Ne might have some basic insight from subjective factors of sensory intake (i.e. what the thing meant to them or their singled out view of how things are), while it's not a factor in the Se type. Se may have basic use of Ni, seeing things that aren't happening here & now (as a contrast to their dominant function).

When life gets stagnant, 
Ne finds a new angle for those things so that doesn't continue so often.
Se will probably try to actually explore certain events so that could bring them sensory experience.
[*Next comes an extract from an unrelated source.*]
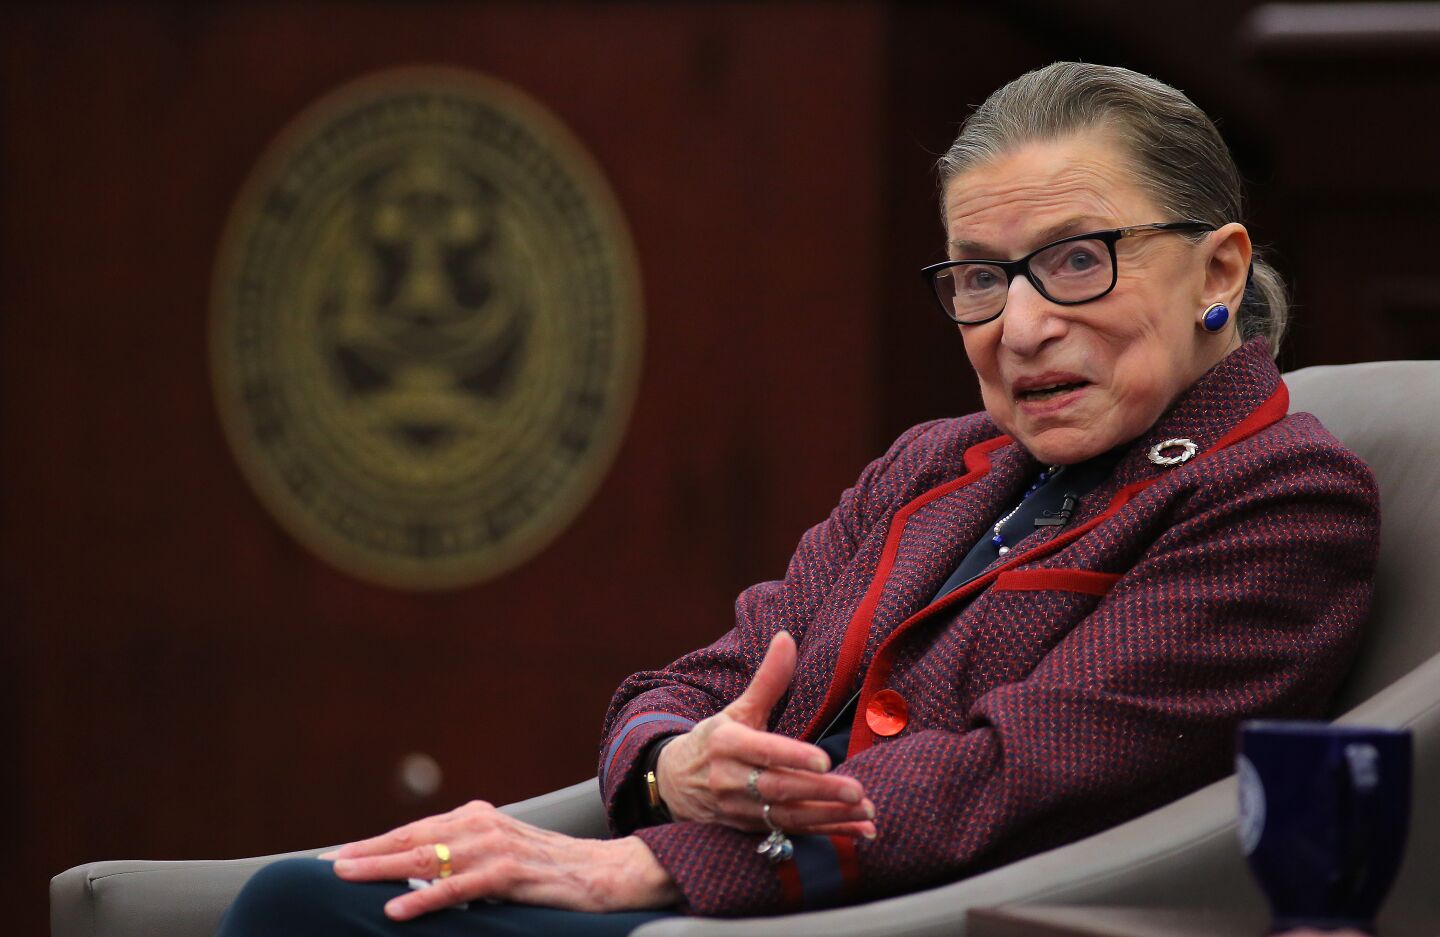 Ruth Bader Ginsburg sits back in a chair while speaking at a law school
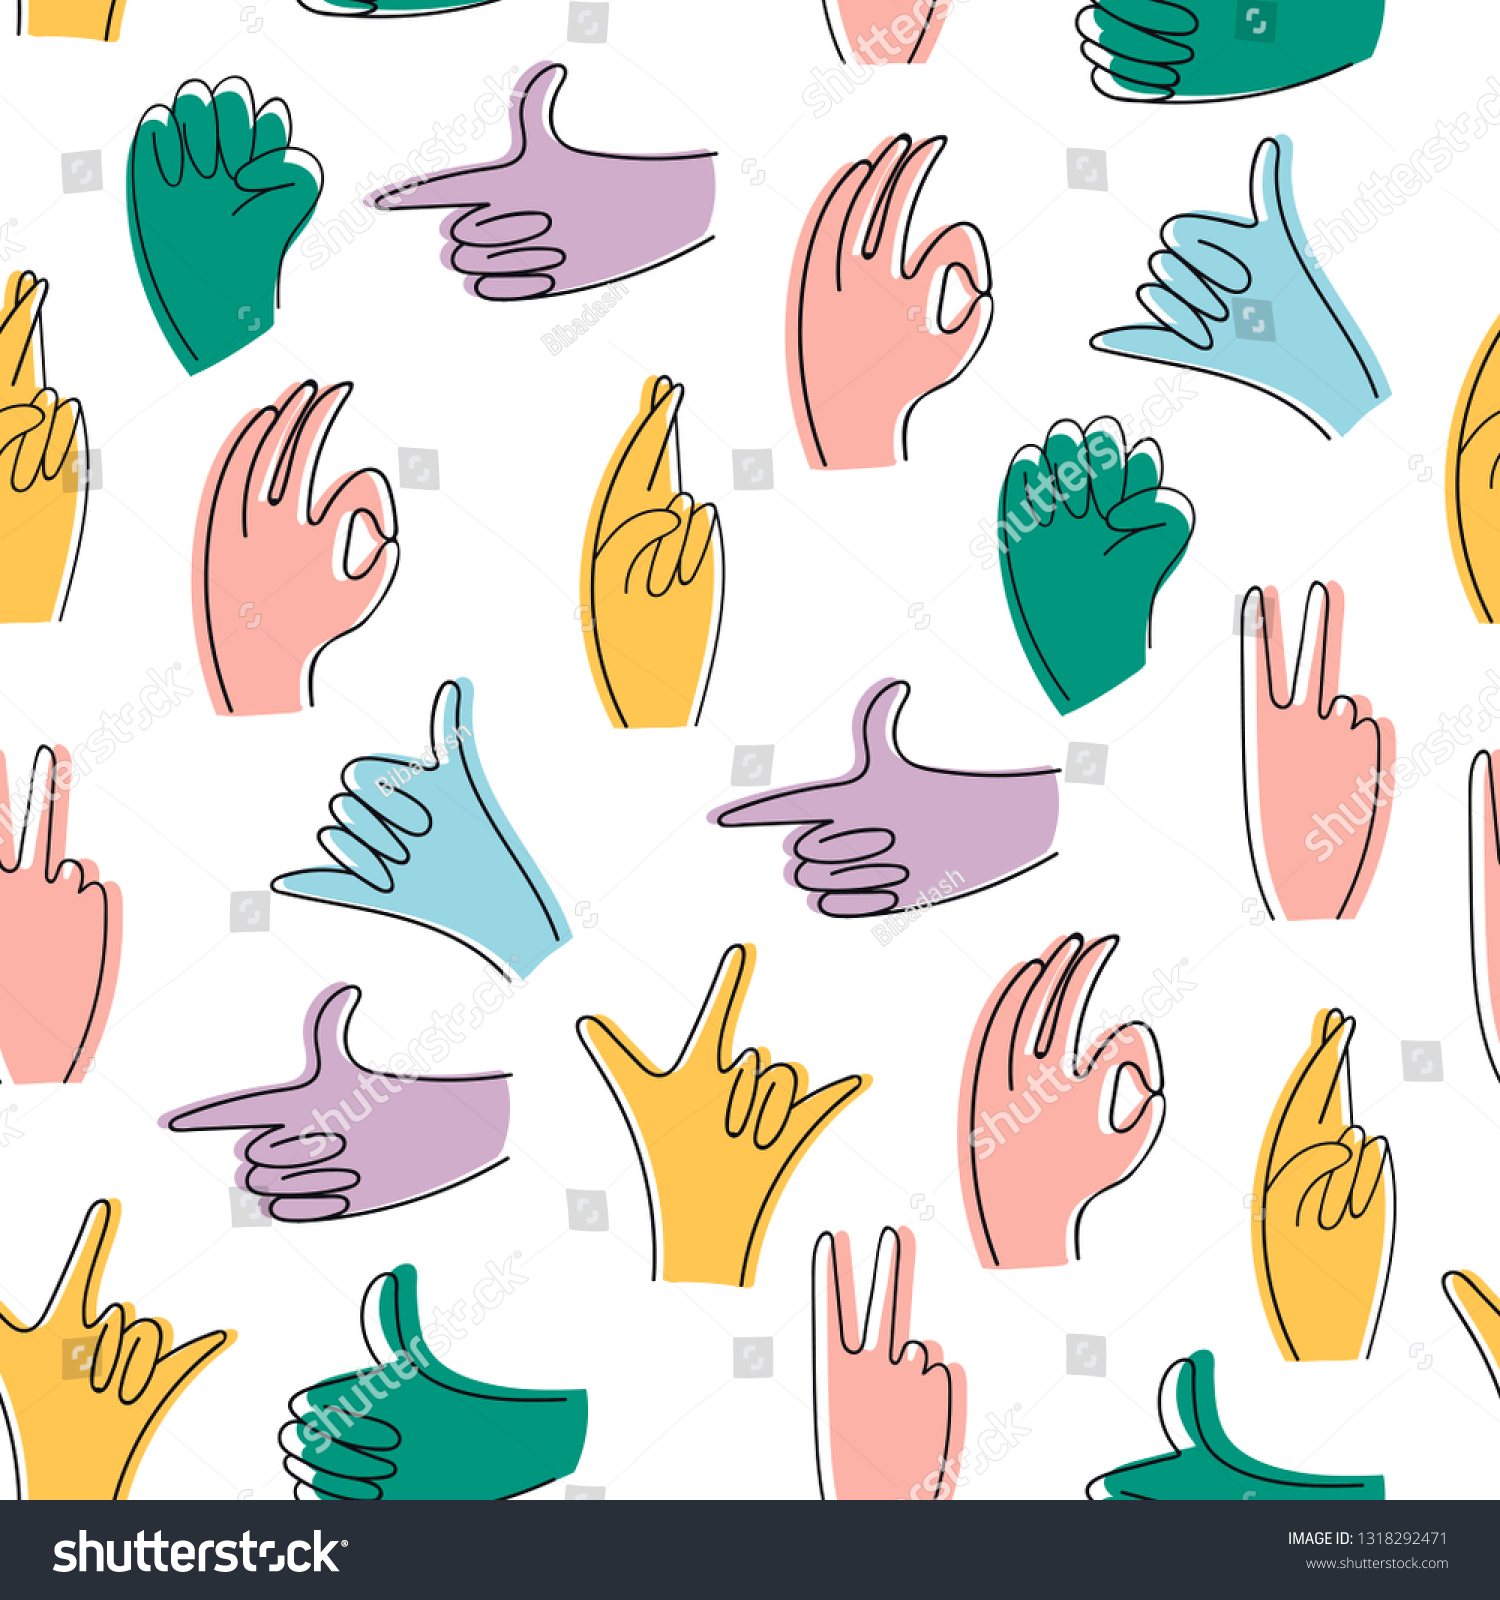 Popular hand gestures. Trendy colored icons Royalty Free Stock Vector

They'll probably present information they know in a different way. One will probably say something is this way while another might be exploring for the most likely angles of the situation of what something is.

Some may have non-cognitive surface similarities, but those things tend to be pretty constant.


----------



## PaladinX (Feb 20, 2013)

Se sees the table. Ne bumps their knee.


----------



## wabi sabi (Aug 7, 2013)

Their eyes. As I see them, Ne-doms have somewhat dreamy eyes, whereas Se-doms give me the sense that they're _really _looking at me.


----------



## dinkytown (Dec 28, 2013)

wabi sabi said:


> Their eyes. As I see them, Ne-doms have somewhat dreamy eyes, whereas Se-doms give me the sense that they're _really _looking at me.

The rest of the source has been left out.